Reference Expressions

When creating a set of model parameter files for an algorithm, you may encounter situations where you’re copying values between files. For example, you may want to use the median value of a variable described in a descriptive statistics file in a centering step file. Rather than copying the median value to the centering step file, we can use a reference expression to ensure that the two values are always synchronized, for example if the descriptive statistics file is updated. By using a reference expression we’re creating a link between the cells of two different model parameter files.

Imagine an algorithm developed to predict the risk of developing diabetes that has three variables, age, sex, and ethnicity. Age is a continuous variable, sex is dichotomous with categories male and female, and ethnicity is dichotomous with categories white and other. The descriptive statistics file named diabetes-des-stats with the mean for each variable and its categories are shown below.

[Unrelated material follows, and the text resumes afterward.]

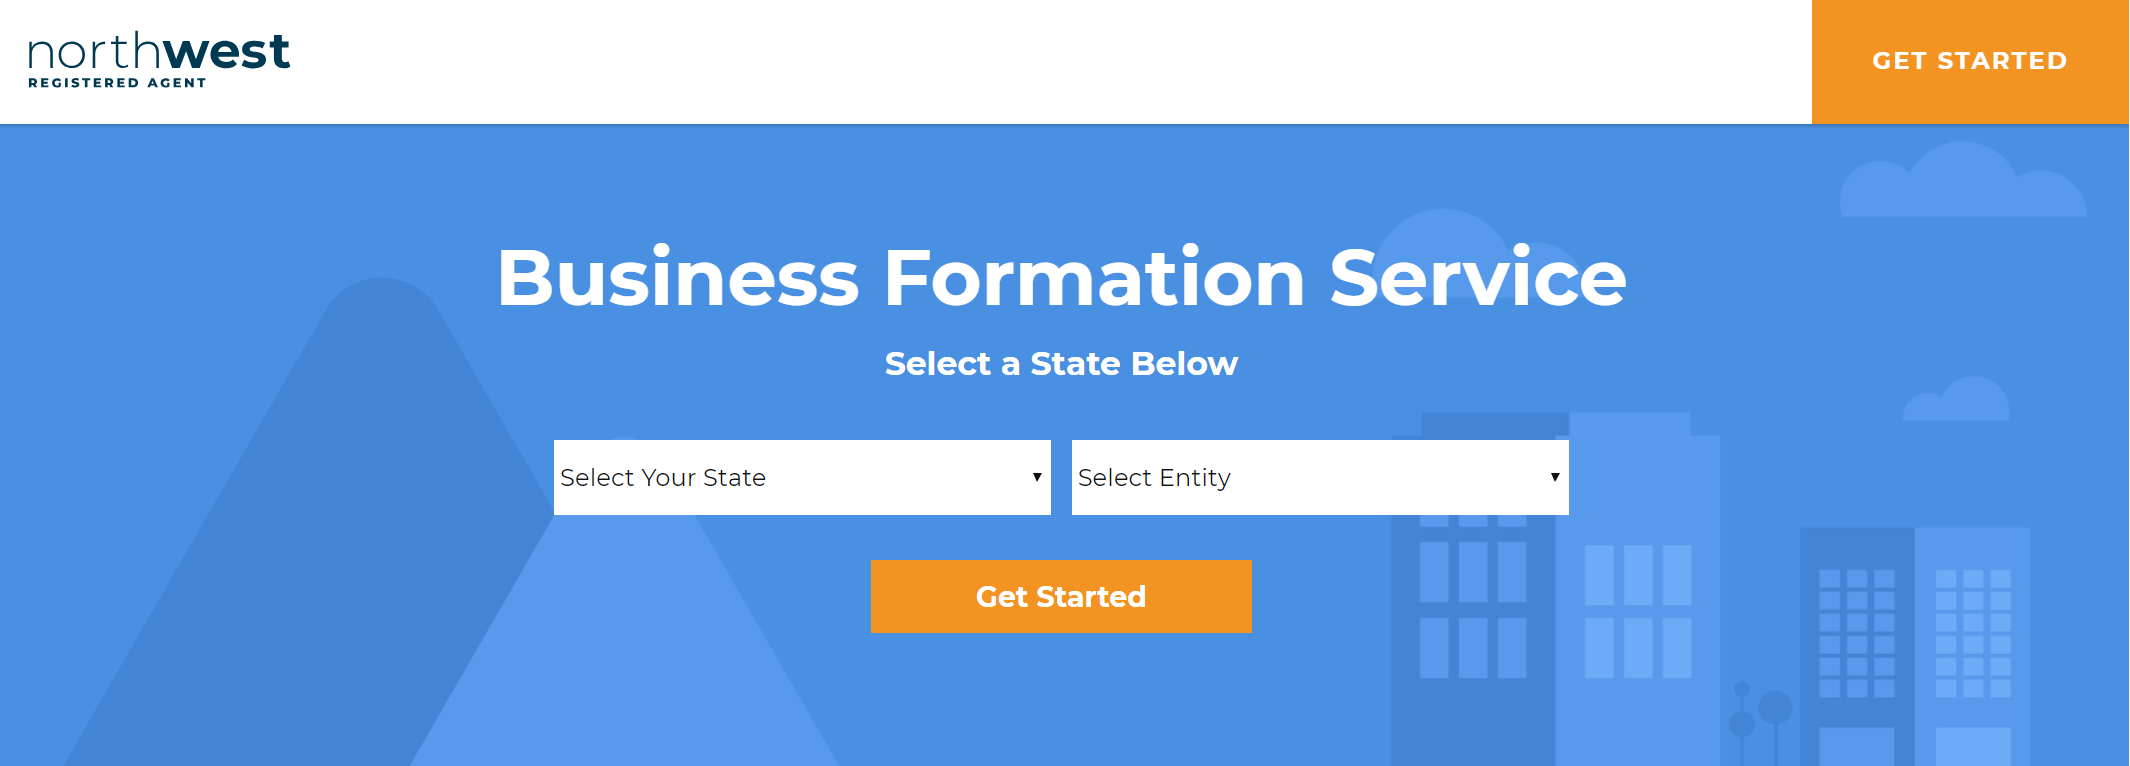 northwest-business-formation-service

Lets assume this is a cox proportionals hazards model, so the model parameter files should include all the steps to transform the initial set of variables to their final form, before they can be scored to calculate the risk of developing diabetes. This algorithm has only two steps, a step to create the dummy variables and a centering step. The variables are centered on their mean and the centering file can be seen below,

Note that only the male and ethnicity white variables were centered, females and ethnicity “other” are the reference.

Without reference expressions the centering values in the centerValue column need to be copied from the descriptive statistics file. Every time the descriptive statistics file changes, the centering values need to be updated also. This may work for one file or for an algorithm with a few variables but gets tedious for more complicated algorithms with more model parameter files.

Using reference expressions, we can eliminate these issues. The new centering step file is shown below.

The centerValue column no longer has numbers but reference expressions. Each reference expression refers to a particular cell in the descriptive statistics file. If you’re familiar with R code than you’ll notice that its the same code you would use to subset a data frame. If you’re unfamiliar with R, you can use this datacamp tutorial to learn. In R, you would need to use the name of the data frame in your code, similarly here you would use the name of the referenced file instead. For example here the file name is diabetes-des-stats. There’s no need to include the file extension for example .csv when referencing a file.

Lets look at another example, but this time in the validation file for this algorithm.

The validation file has two cells where a reference expression was used:

  1. To specify the values that are allowed for the Sex variable. Here we want to specify all the category values for this variable but rather than adding in Male;Female we can simply reference these values from the catValue column in the descriptive statistics file using a reference expression.
  2. To specify the replacement value if the Age_centered variable is missing. Once again, rather than adding the actual mean value from the descriptive statistics file we can reference it using a reference expression.

Currently, reference expressions can only be used in the following columns:

  • The value column in the validation file for an allowed rule
  • The error_replace column in the validation file
  • The centerValue column in a centering step file

Also note that, referenced files need to be included in the list of files in a model export file.